O Projeto de Lei (PL) 633/2025, que cria o Programa de Combate à Cristofobia em Belo Horizonte, pode ser votado em primeiro turno pelos vereadores da Câmara Municipal na próxima segunda-feira (13/7). De autoria do vereador Irlan Melo (PL), a proposta pretende criar ações de prevenção e combate à discriminação contra cristãos e prevê multas de até R$ 9 mil.
Caso a proposta seja aprovada e sancionada, empresas, organizadores de eventos, blocos de carnaval, camarotes e pessoas físicas identificadas que descumprirem as regras poderão ser multados. Em caso de reincidência, o valor da penalidade será dobrado, chegando a R$ 9 mil.
Para ser aprovado em primeiro turno, o texto precisa do voto favorável da maioria dos vereadores presentes em plenário.
Projeto prevê campanhas, canais de denúncia e multas
Entre as diretrizes do programa estão a realização de campanhas educativas para promover o respeito à fé cristã, a criação de canais de denúncia para casos de cristofobia e o incentivo a eventos inter-religiosos voltados ao diálogo entre diferentes crenças.
O projeto também autoriza a Prefeitura de Belo Horizonte a criar um banco de dados para registrar casos de cristofobia, além de desenvolver estudos e pesquisas sobre o tema e promover ações específicas de proteção aos cristãos.
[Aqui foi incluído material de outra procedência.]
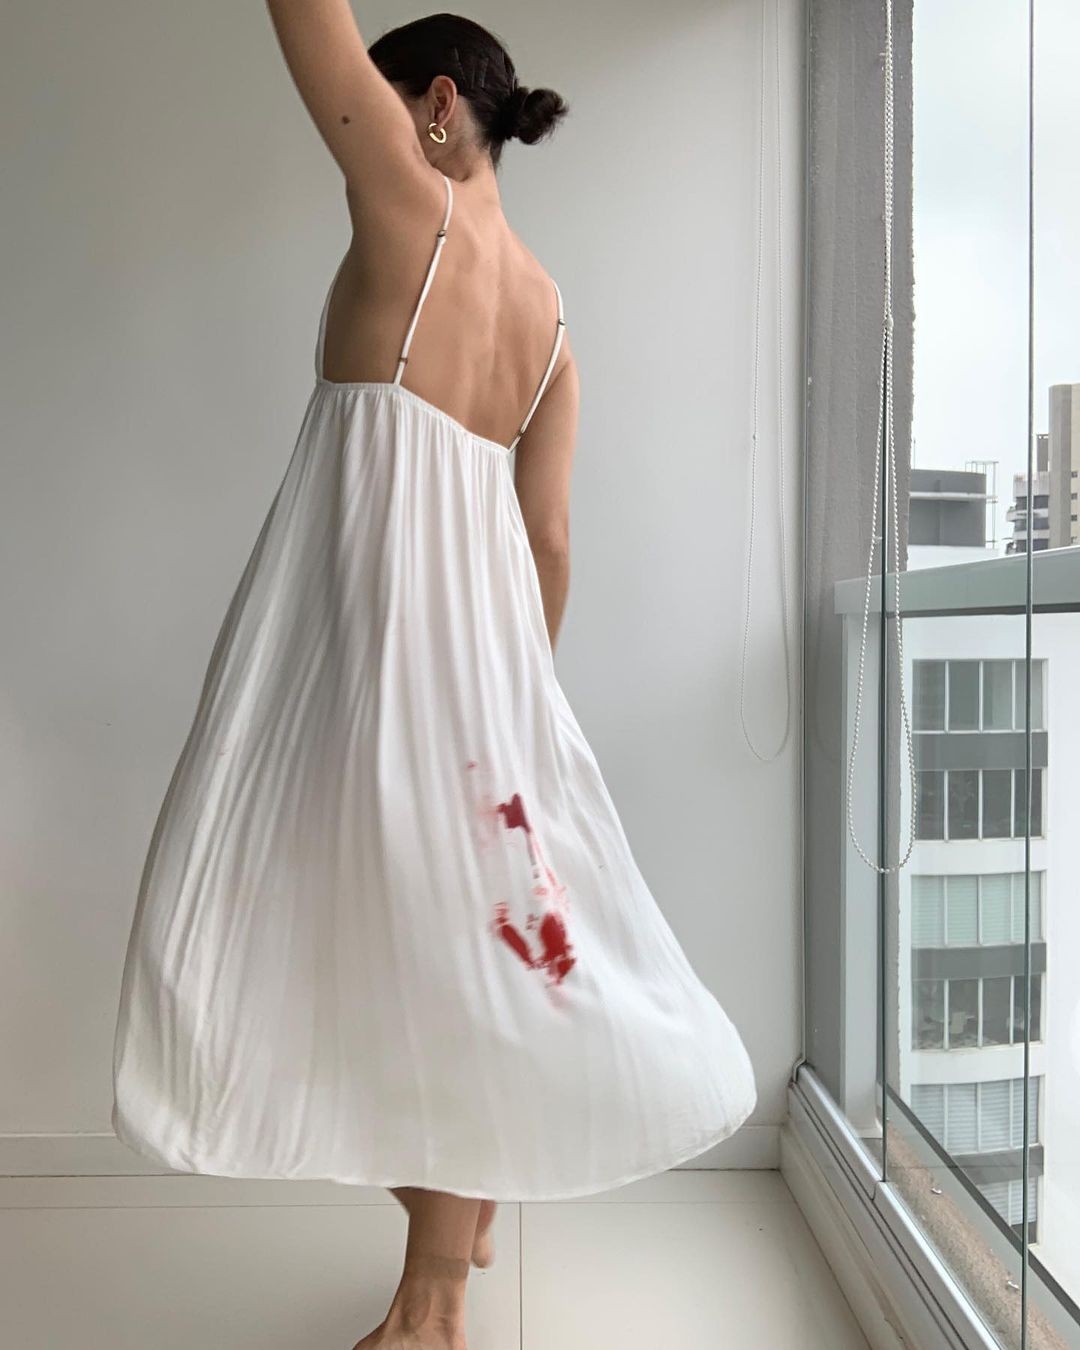 Julia Konrad mostra roupa suja de menstruação (Foto: Reprodução / Instagram)

O texto estabelece ainda que fica proibido o ataque, “de forma direta ou indireta, implícita ou explícita, de forma verbal, escrita ou física”, aos símbolos religiosos cristãos no município.
Autor diz que proposta busca garantir liberdade religiosa
Na justificativa do projeto, Irlan Melo afirma que a cristofobia representa uma ameaça à liberdade religiosa e aos direitos fundamentais.
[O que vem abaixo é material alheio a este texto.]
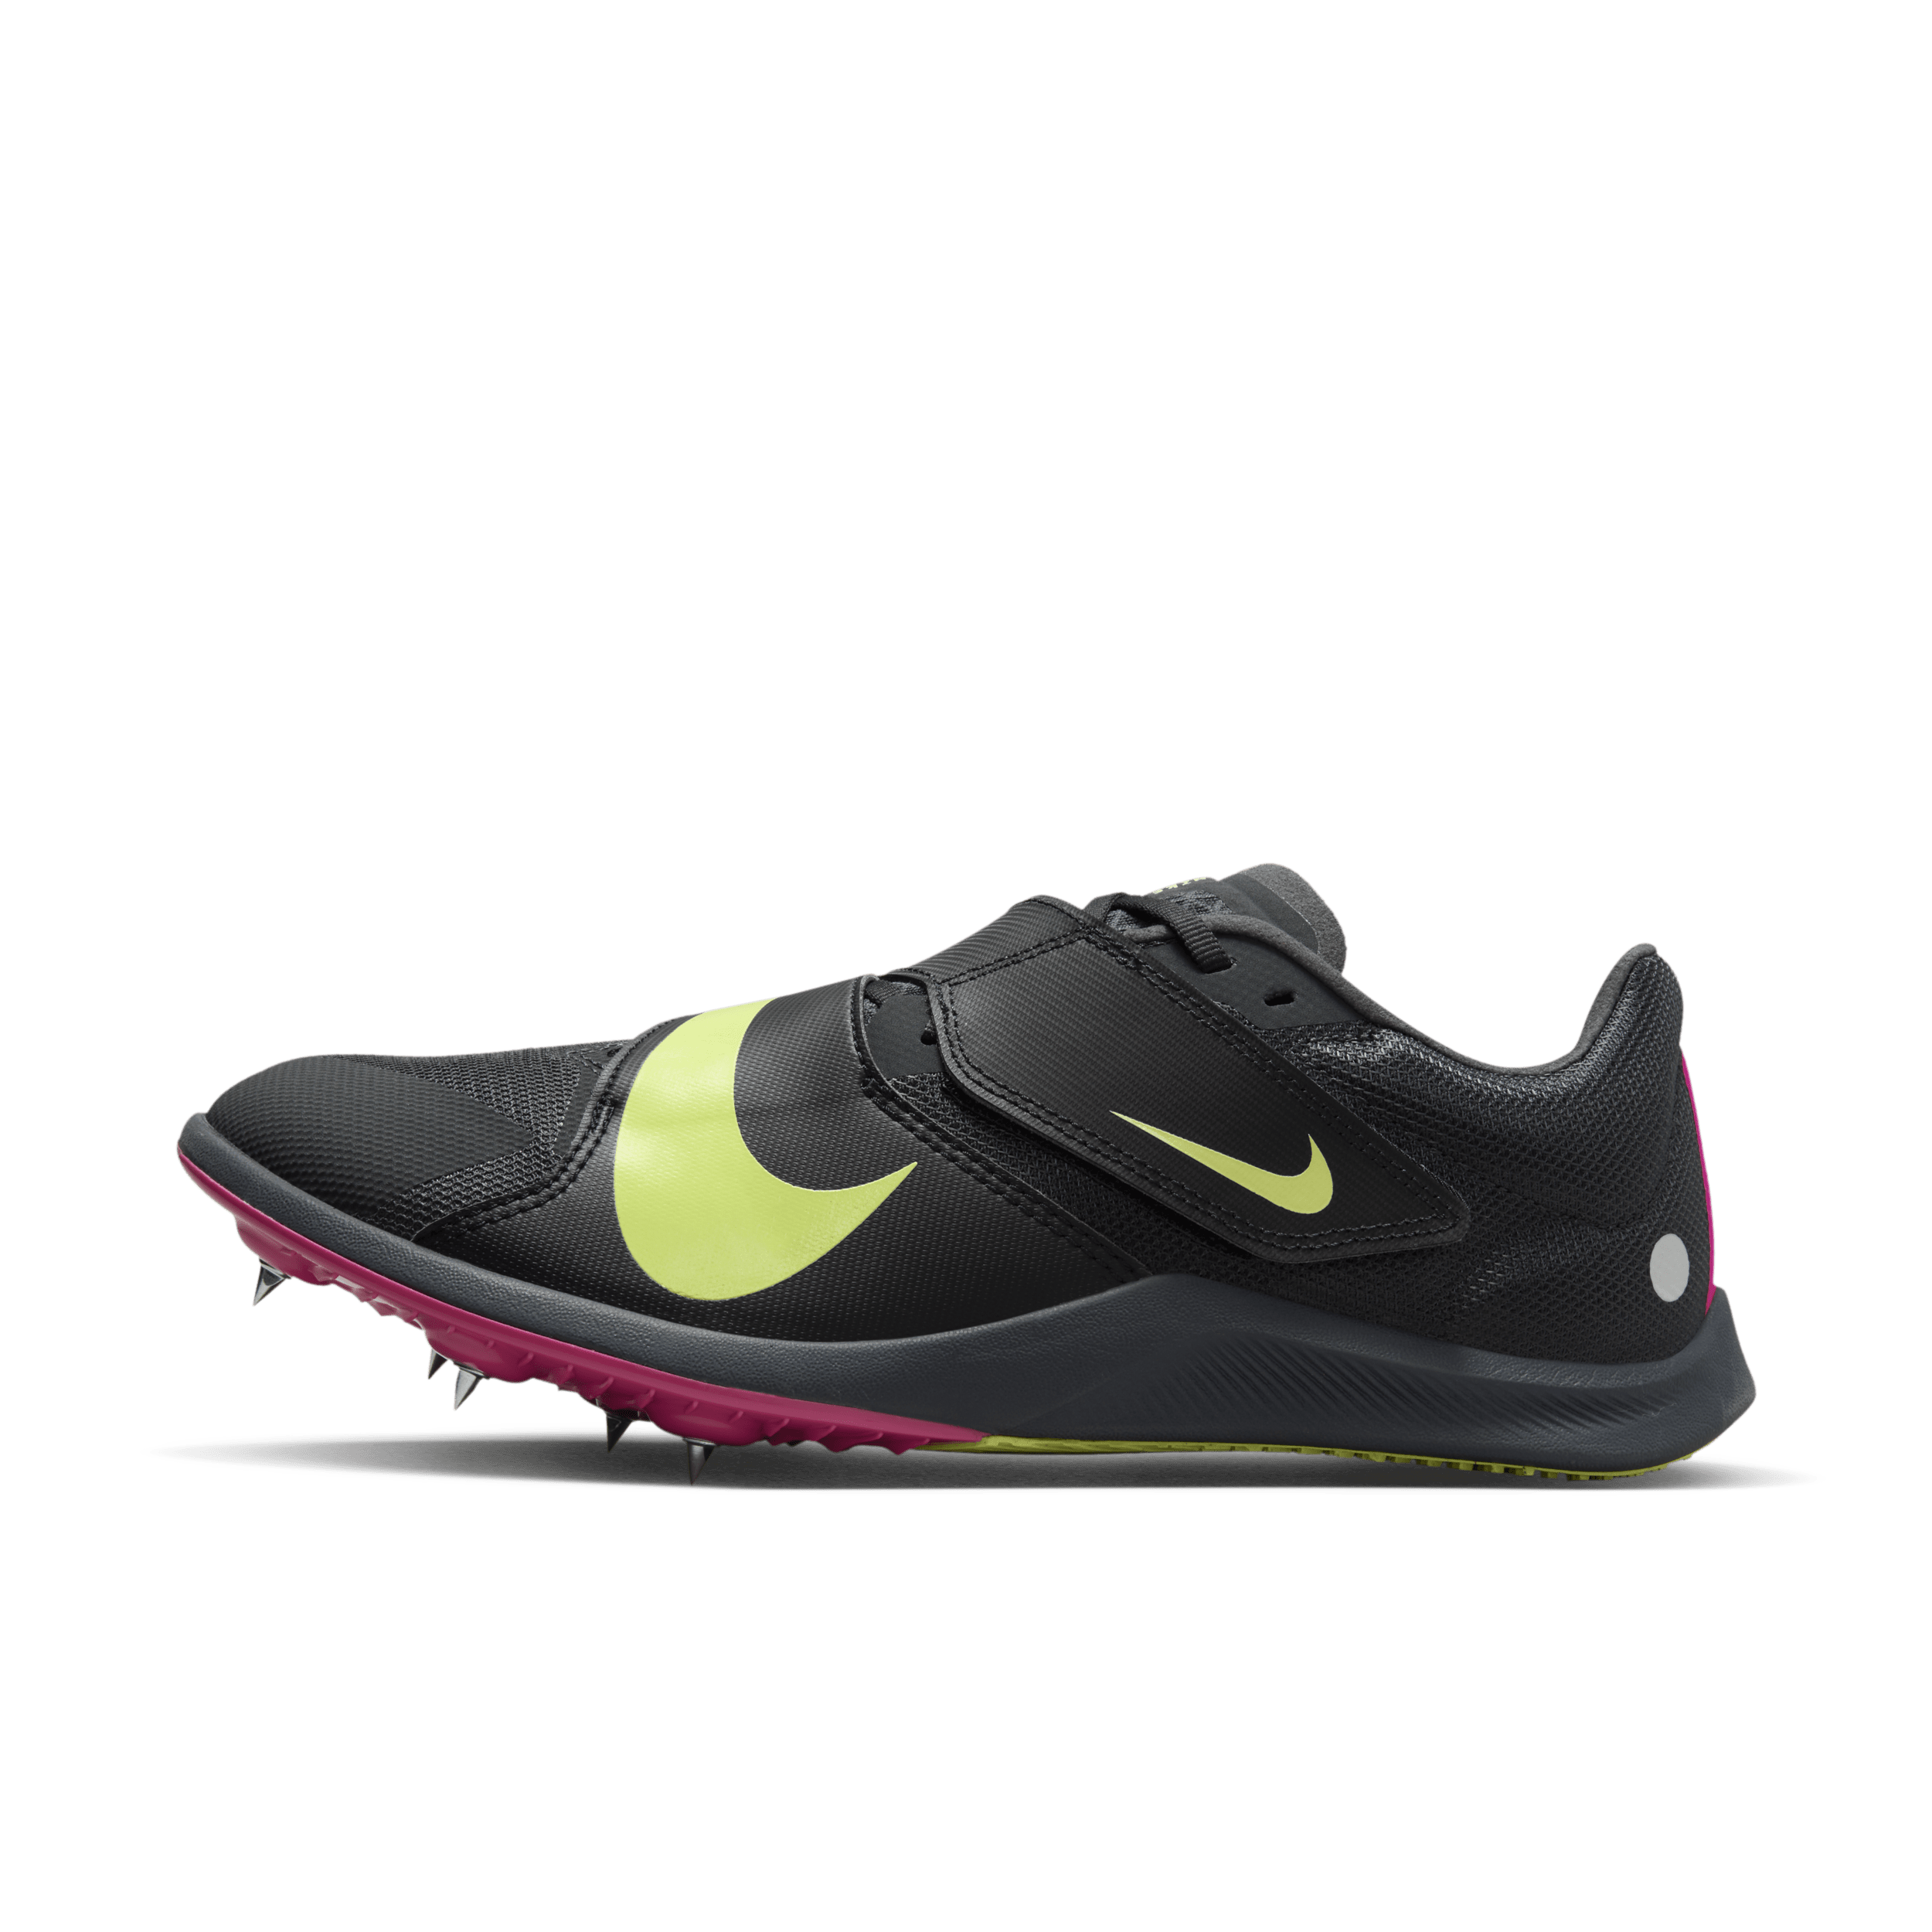 Scarpa chiodata per il salto Nike Rival Jump - Grigio

Segundo o vereador, a proposta busca proteger indivíduos e comunidades cristãs, promovendo o respeito mútuo, a tolerância e a convivência pacífica entre pessoas de diferentes crenças.
Se o texto for aprovado em primeiro turno, ele retornará às comissões da Câmara para análise das emendas antes de seguir para votação definitiva em segundo turno.